Input records
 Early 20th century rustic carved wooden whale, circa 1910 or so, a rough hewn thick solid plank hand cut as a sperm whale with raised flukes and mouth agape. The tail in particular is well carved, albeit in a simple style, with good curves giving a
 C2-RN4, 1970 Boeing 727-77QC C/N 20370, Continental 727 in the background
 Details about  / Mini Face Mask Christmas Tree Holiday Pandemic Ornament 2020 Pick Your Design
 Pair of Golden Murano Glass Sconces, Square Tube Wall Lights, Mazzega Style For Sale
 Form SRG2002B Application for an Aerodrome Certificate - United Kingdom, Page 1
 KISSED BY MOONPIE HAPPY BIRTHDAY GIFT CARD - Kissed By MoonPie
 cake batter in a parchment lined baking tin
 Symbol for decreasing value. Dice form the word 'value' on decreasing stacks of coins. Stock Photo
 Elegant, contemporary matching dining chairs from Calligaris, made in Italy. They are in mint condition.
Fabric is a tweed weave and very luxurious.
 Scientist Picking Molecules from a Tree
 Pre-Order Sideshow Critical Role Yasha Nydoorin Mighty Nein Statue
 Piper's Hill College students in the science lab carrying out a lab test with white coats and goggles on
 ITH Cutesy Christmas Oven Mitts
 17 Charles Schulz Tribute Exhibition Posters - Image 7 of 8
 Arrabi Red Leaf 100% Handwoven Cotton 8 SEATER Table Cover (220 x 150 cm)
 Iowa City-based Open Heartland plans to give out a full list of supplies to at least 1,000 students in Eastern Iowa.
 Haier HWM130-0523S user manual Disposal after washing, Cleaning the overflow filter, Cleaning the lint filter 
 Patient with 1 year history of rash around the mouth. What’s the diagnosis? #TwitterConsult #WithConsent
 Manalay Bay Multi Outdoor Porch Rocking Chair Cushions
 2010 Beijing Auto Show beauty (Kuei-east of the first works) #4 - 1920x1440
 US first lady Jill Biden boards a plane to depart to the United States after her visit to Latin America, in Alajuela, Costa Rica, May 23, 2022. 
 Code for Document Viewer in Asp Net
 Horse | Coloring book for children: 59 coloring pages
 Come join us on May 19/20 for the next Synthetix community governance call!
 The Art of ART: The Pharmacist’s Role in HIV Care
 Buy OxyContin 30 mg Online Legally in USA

What this task involves
Give again exactly, and only, the lines above starting at the one with "Elegant, contemporary matching" and ending at the one with "Pre-Order Sideshow Critical".

Answer box
 Elegant, contemporary matching dining chairs from Calligaris, made in Italy. They are in mint condition.
Fabric is a tweed weave and very luxurious.
 Scientist Picking Molecules from a Tree
 Pre-Order Sideshow Critical Role Yasha Nydoorin Mighty Nein Statue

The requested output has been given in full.